当图像通过处理以后，就能够按照前面的安排加载和运行网络。

# initialize the neural net with open(INIT_NET) as f: init_net = f.read() with open(PREDICT_NET) as f: predict_net = f.read() p = workspace.Predictor(init_net, predict_net) # run the net and return prediction results = p.run([img]) # turn it into something we can play with and examine which is in a multi-dimensional array results = np.asarray(results) print "results shape: ", results.shape

results shape:  (1, 1, 1000, 1, 1)

这里输出来了1000个值，表示这张图片分别对应1000类的几率。咱们能够取出来其中几率最高的值，来找到它对应的标签：

# the rest of this is digging through the results results = np.delete(results, 1) index = 0 highest = 0 arr = np.empty((0,2), dtype=object) arr[:,0] = int(10) arr[:,1:] = float(10) for i, r in enumerate(results): # imagenet index begins with 1! i=i+1 arr = np.append(arr, np.array([[i,r]]), axis=0) if (r > highest): highest = r index = i print index, " :: ", highest # lookup the code and return the result # top 3 results # sorted(arr, key=lambda x: x[1], reverse=True)[:3] # now we can grab the code list response = urllib2.urlopen(codes) # and lookup our result from the list for line in response: code, result = line.partition(":")[::2] if (code.strip() == str(index)): print result.strip()[1:-2]

985 :: 0.979059 daisy

栗子四-建立一个CNN模型

一、模型、帮助函数、brew

在前面咱们已经基本介绍了在python中关于caffe2中基本的操做。

这个例子中，咱们来简单搭建一个CNN模型。在这个须要说明一点:

在caffe中，咱们一般说一个模型，其实就是一个网络，一个Net
而在caffe2中，咱们一般使用modelHelper来表明一个model，而这个model包含多个Net，就像咱们前面看到的，咱们会使用一个初始化网络init_net，还有有一个训练网络net，这两个网络图都是model的一部分。

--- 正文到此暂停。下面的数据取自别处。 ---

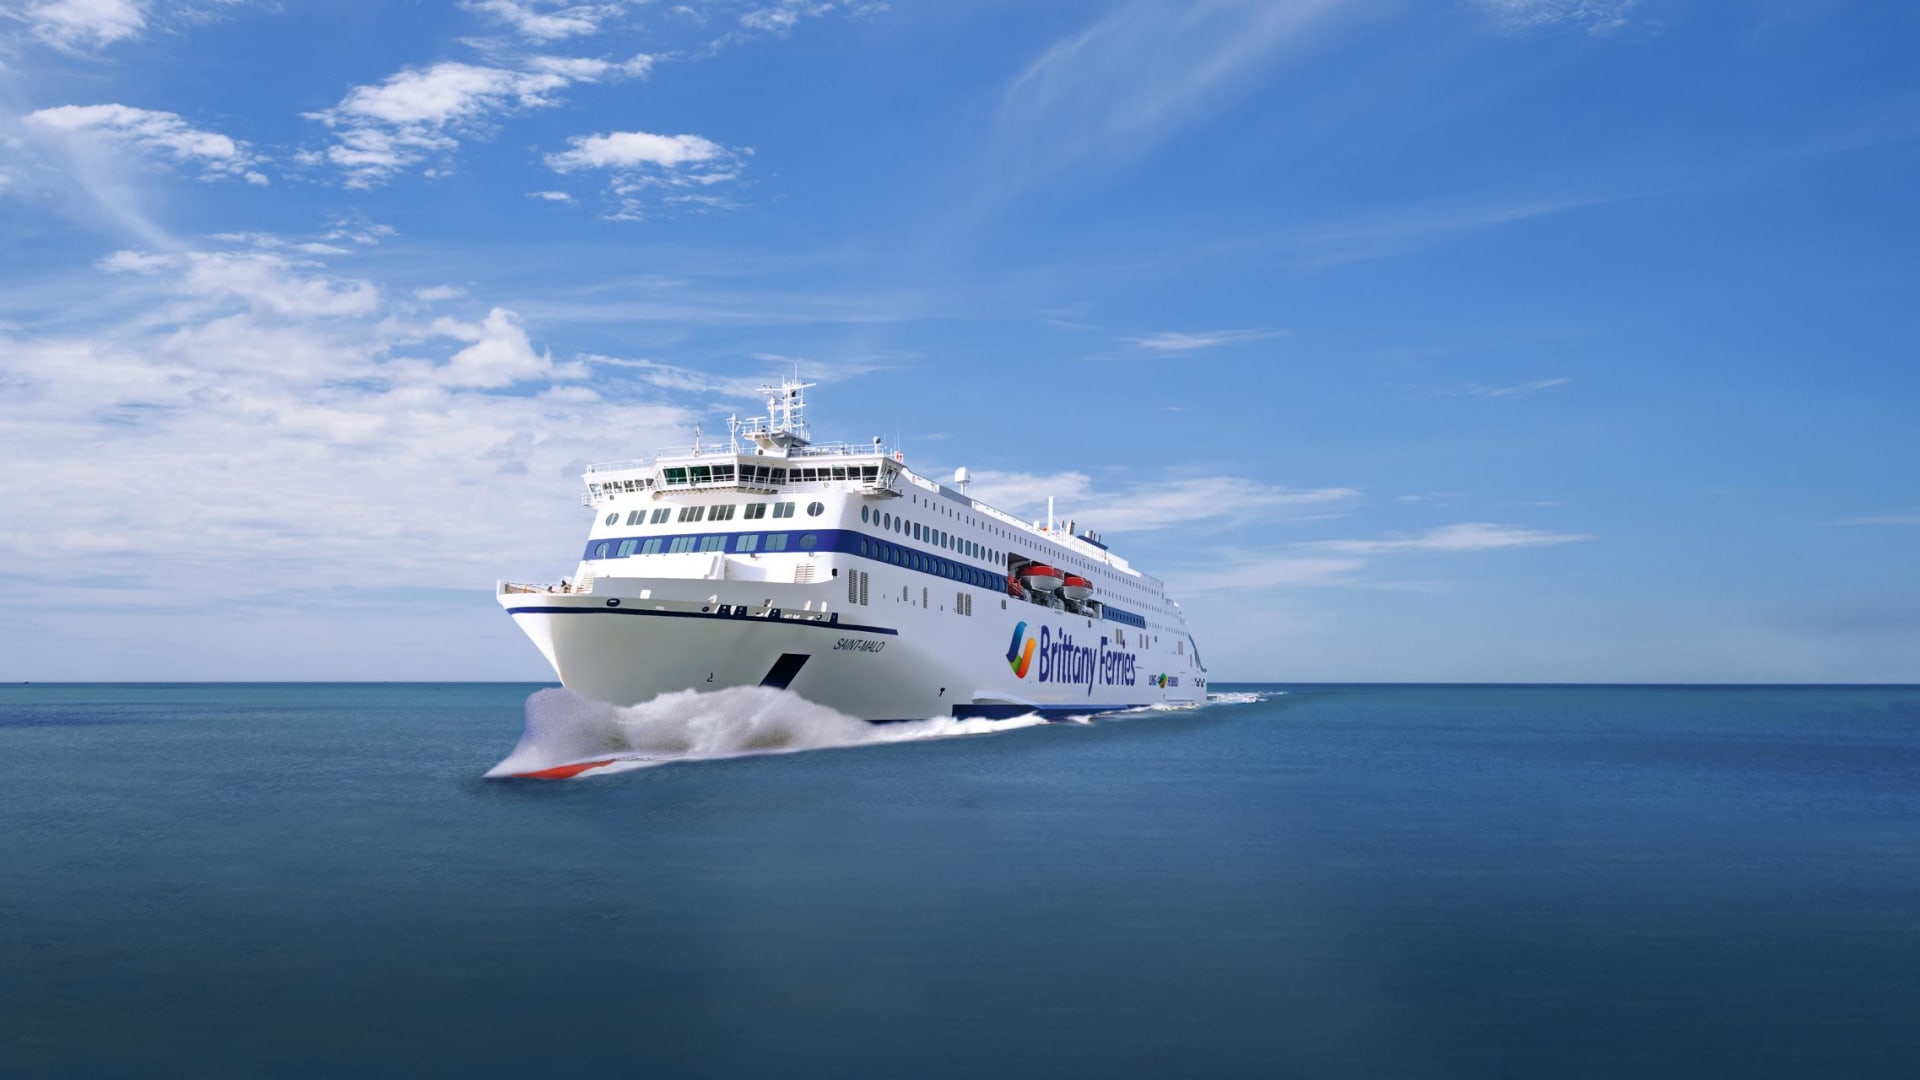 World's largest hybrid ship set to ferry passengers between Britain and France

这一点须要你们区分开，否则容易疑惑。举例，若是咱们要构造一个模型，只有一个FC层，在这里使用modelHelper来表示一个model，使用operators来构造网络，通常model有一个param_init_net和一个net。分别用于模型初始化和训练：

model = model_helper.ModelHelper(name="train") # initialize your weight weight = model.param_init_net.XavierFill( [], blob_out + '_w', shape=[dim_out, dim_in], **kwargs, # maybe indicating weight should be on GPU here ) # initialize your bias bias = model.param_init_net.ConstantFill( [], blob_out + '_b', shape=[dim_out, ], **kwargs, ) # finally building FC model.net.FC([blob_in, weights, bias], blob_out, **kwargs)

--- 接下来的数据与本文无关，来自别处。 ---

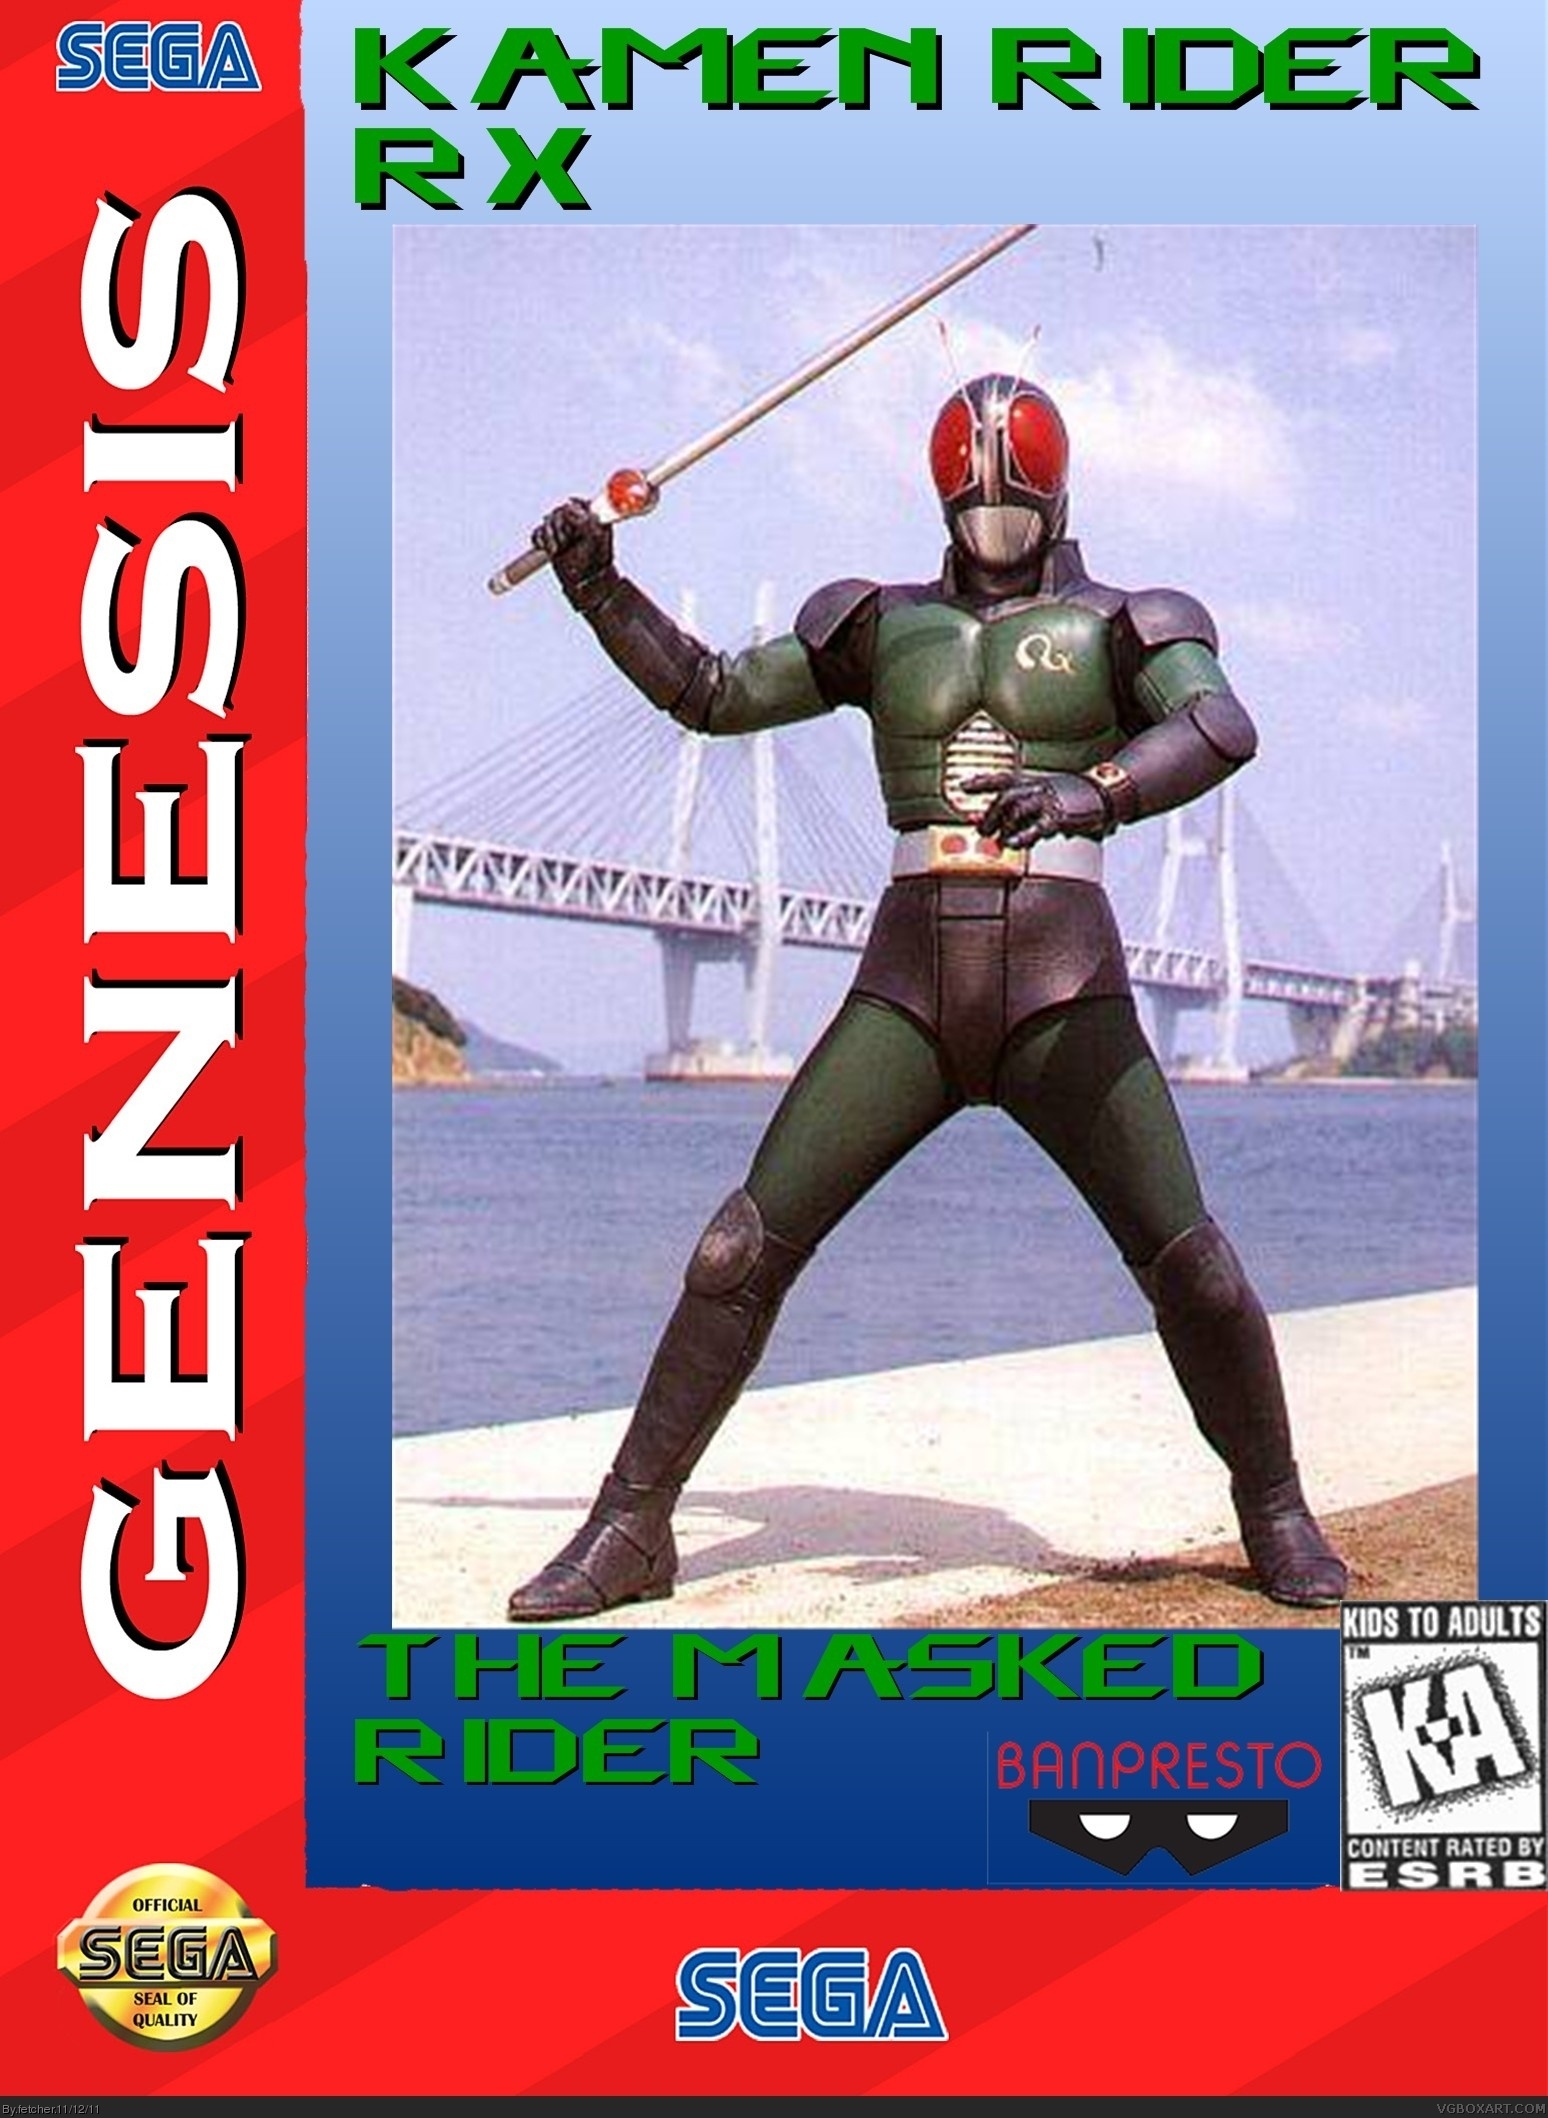 Kamen Rider RX: The Masked Rider box cover

前面，咱们说过在平常搭建网络的时候呢，咱们一般不是彻底使用operator搭建网络，由于使用这种方式，每一个参数都须要咱们手动初始化，以及每一个operator都须要构造，太过于繁琐。咱们想着，对于经常使用层，能不能把构造它的operators都封装起来，封装成一个函数，咱们构造时只需给这个函数要提供必要的参数，函数中的代码就能帮助咱们完成层初始化和operator的构建。

在caffe2中，为了便于开发者搭建网络，caffe2在python/helpers中提供了许多help函数，像上面例子中的FC层，使用python/helpers/fc.py来构造，很是简单就一行代码：

fcLayer = fc(model, blob_in, blob_out, **kwargs) # returns a blob reference

这里面help函数可以帮助咱们将权值初始化和计算网络自动分开到两个网络，这样一来就简单多了。caffe2为了更方便调用和管理，把这些帮助函数集合到一块儿，放在brew这个包里面。能够经过导入brew这个包来调用这些帮助函数。像上面的fc层的实现就可使用：

from caffe2.python import brew brew.fc(model, blob_in, blob_out, ...)

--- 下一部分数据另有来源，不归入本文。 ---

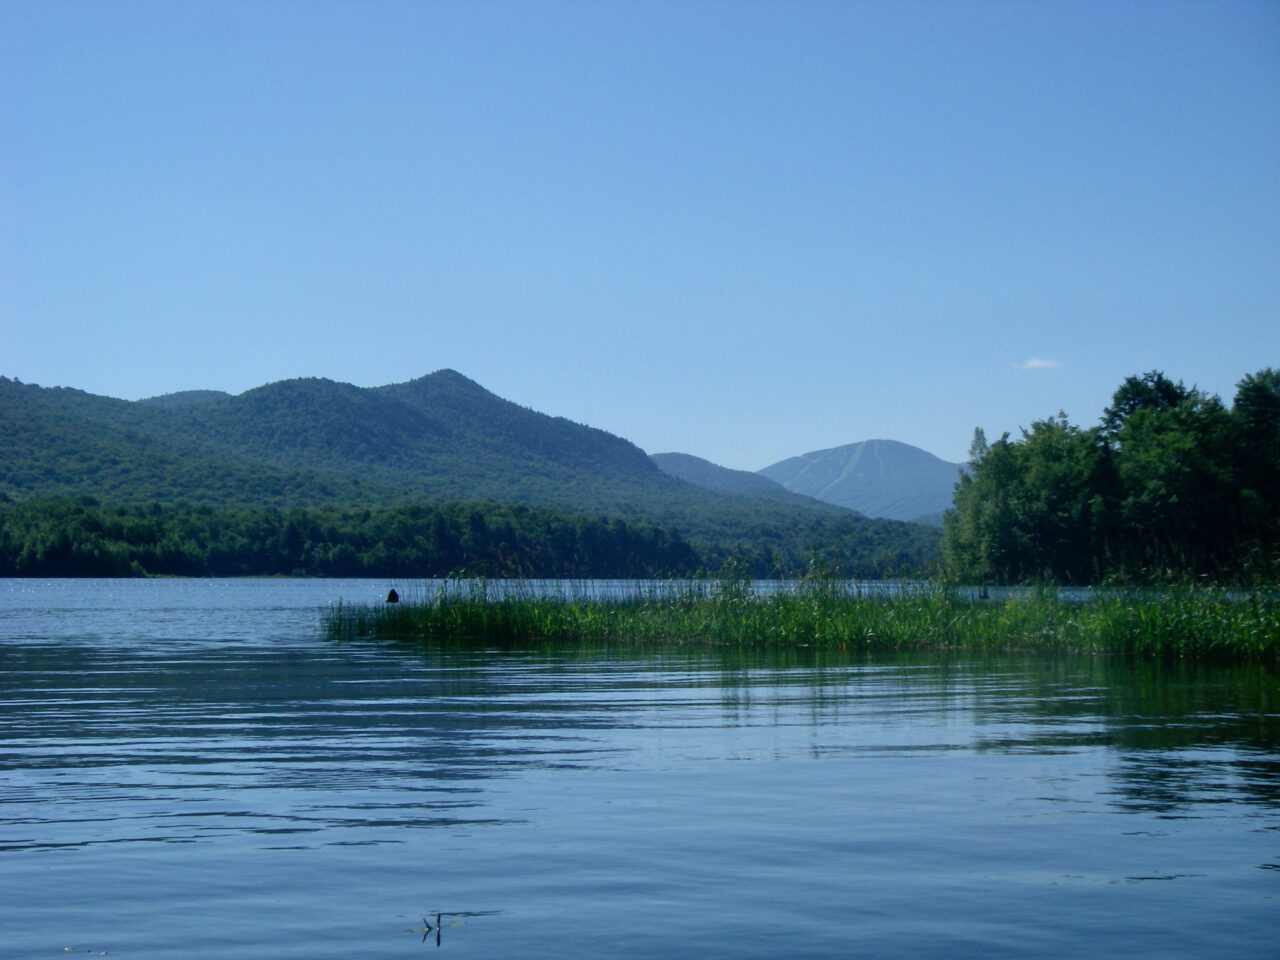 Smooth water and reeds at the Chittenden Reservoir with Pico Peak in the distance.

咱们使用brew构造网络就十分简单，下面的代码就构造了一个LeNet模型：

from caffe2.python import brew def AddLeNetModel(model, data): conv1 = brew.conv(model, data, 'conv1', 1, 20, 5) pool1 = brew.max_pool(model, conv1, 'pool1', kernel=2, stride=2) conv2 = brew.conv(model, pool1, 'conv2', 20, 50, 5) pool2 = brew.max_pool(model, conv2, 'pool2', kernel=2, stride=2) fc3 = brew.fc(model, pool2, 'fc3', 50 * 4 * 4, 500) fc3 = brew.relu(model, fc3, fc3) pred = brew.fc(model, fc3, 'pred', 500, 10) softmax = brew.softmax(model, pred, 'softmax')

caffe2 使用brew提供不少构造网络的帮助函数，大大简化了咱们构建网络的过程。但实际上，这些只是封装的结果，网络构造的原理和以前说的使用operators构建的原理是同样的。

二、建立一个CNN模型用于MNIST手写体数据集

首先，导入必要的包：

%matplotlib inline
from matplotlib import pyplot import numpy as np import os import shutil from caffe2.python import core, model_helper, net_drawer, workspace, visualize, brew # If you would like to see some really detailed initializations, # you can change --caffe2_log_level=0 to --caffe2_log_level=-1 core.GlobalInit(['caffe2', '--caffe2_log_level=0']) print("Necessities imported!")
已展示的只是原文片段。